Horst Selbiger wurde als Kind einer „gemischtrassigen“ Ehe von der Levetzowstraße in das Sammellager Rosenstraße 2-4 in Mitte gebracht. Hier fasste die Gestapo rund 2.000 jüdische Männer und Frauen von nichtjüdischen EhepartnerInnen zusammen, außerdem deren Kinder. Doch die Nazis hatten nicht mit der Entschlossenheit der Eheleute gerechnet, fast alles Frauen: Schon am Abend der Fabrikaktion standen sie vor dem Gebäude und protestierten. In den Tagen danach wuchsen die Proteste lautstark an, die ganze Zeit lang riefen Hunderte von ihnen: „Lasst unsere Männer frei!“. Es war die größte spontane Demonstration gegen die Nazis während des Faschismus‘.
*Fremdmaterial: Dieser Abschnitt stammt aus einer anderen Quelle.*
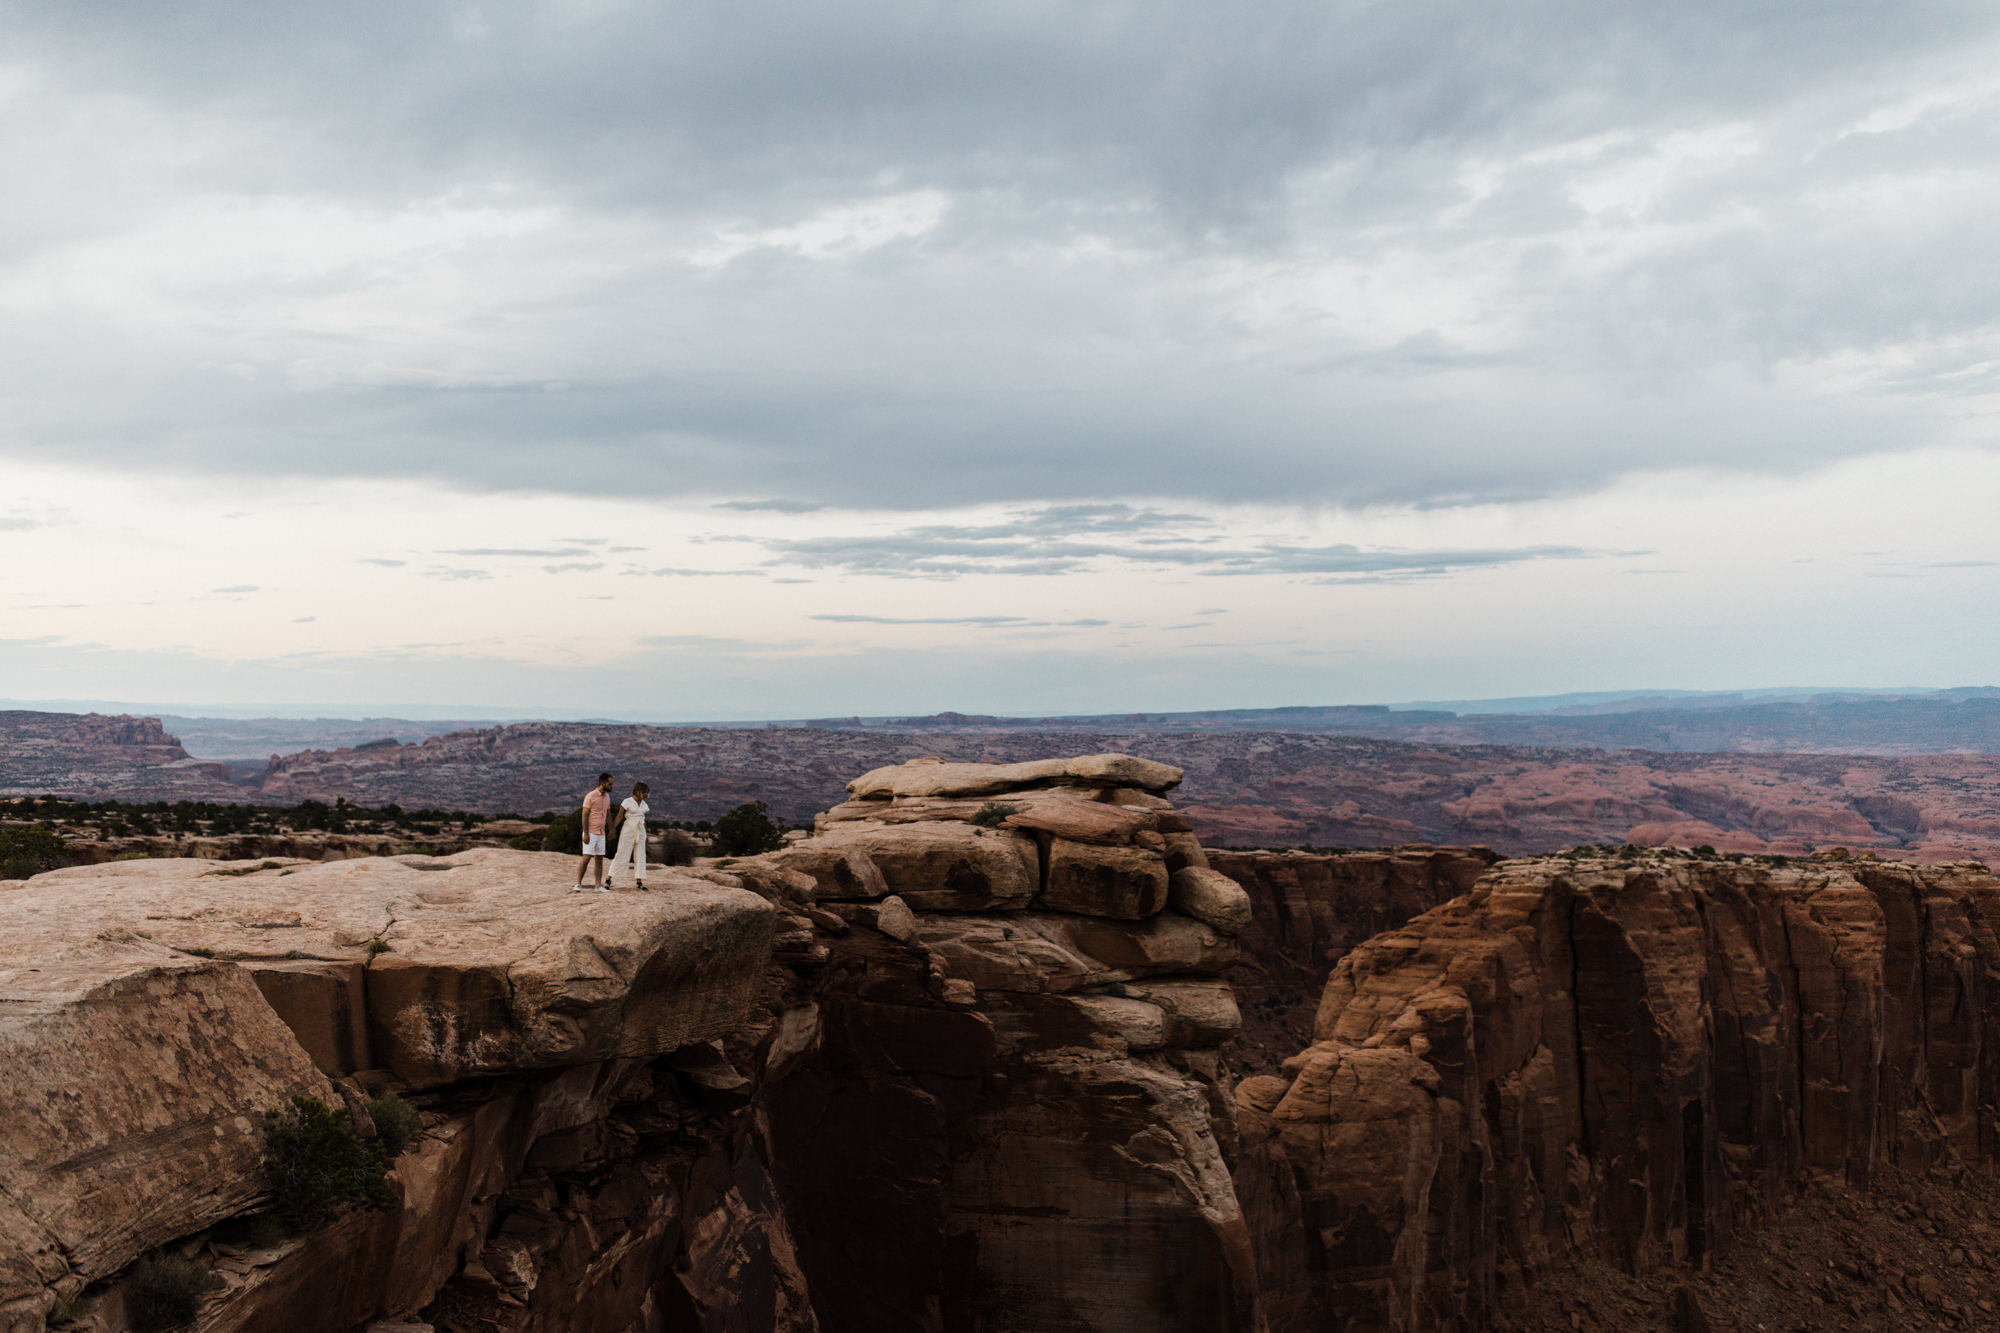 moab, utah adventurous elopement | utah intimate wedding photographer | jumpsuit bride | desert wedding inspiration | the hearnes adventure photography

Die Proteste in der Rosenstraße hörten nicht auf und ab dem 6. März entließ die Gestapo die Gefangenen wieder. Horst bekam einen Entlassungsschein und wenige Tage später durften auch sein Vater und sein Bruder gehen. Doch der große Rest seiner Familie hatte dieses Glück nicht. 61 seiner Angehörigen wurden deportiert und ermordet. Und auch rund 6.000 der etwa 8.000 bei der Fabrikaktion verhafteten Juden wurden gleich nach ihrer Ankunft in Auschwitz umgebracht. Horst Selbiger hatte seine geliebte Freundin verloren und war der geplanten Deportation und Ermordung entkommen. Was sollte dem 17-Jährigen nun noch passieren? Mittlerweile wohnte er mit seinen Eltern im „Judenhaus“ in der Turmstraße 9. Auch dort wurden die Juden immer weniger. In den letzten Monaten der Naziherrschaft lief er nun ohne den gelben Davidstern mit der Aufschrift „Jude“ an der Jacke als vermeintlich „arischer“ Junge durch Berlin. Er hatte sich sogar noch ein Abzeichen der Hitlerjugend besorgt und besuchte jetzt zum ersten Mal im Leben Kinos, Theatervorstellungen und ging in den Wintergarten – alles Dinge, die den Juden seit über zehn Jahren verboten waren. So erlebte er das Ende der Nazi-Herrschaft, aber seine großen Verluste ließen ihn 70 Jahre lang nicht mehr über die Erlebnisse sprechen. Erst im Jahr 2018 veröffentlichte er seine Erinnerungen und begann, im Alter von 90 Jahren, in Schulen davon zu erzählen. Damit die Jugendlichen von heute wissen, wohin Hass und Rassismus führen kann.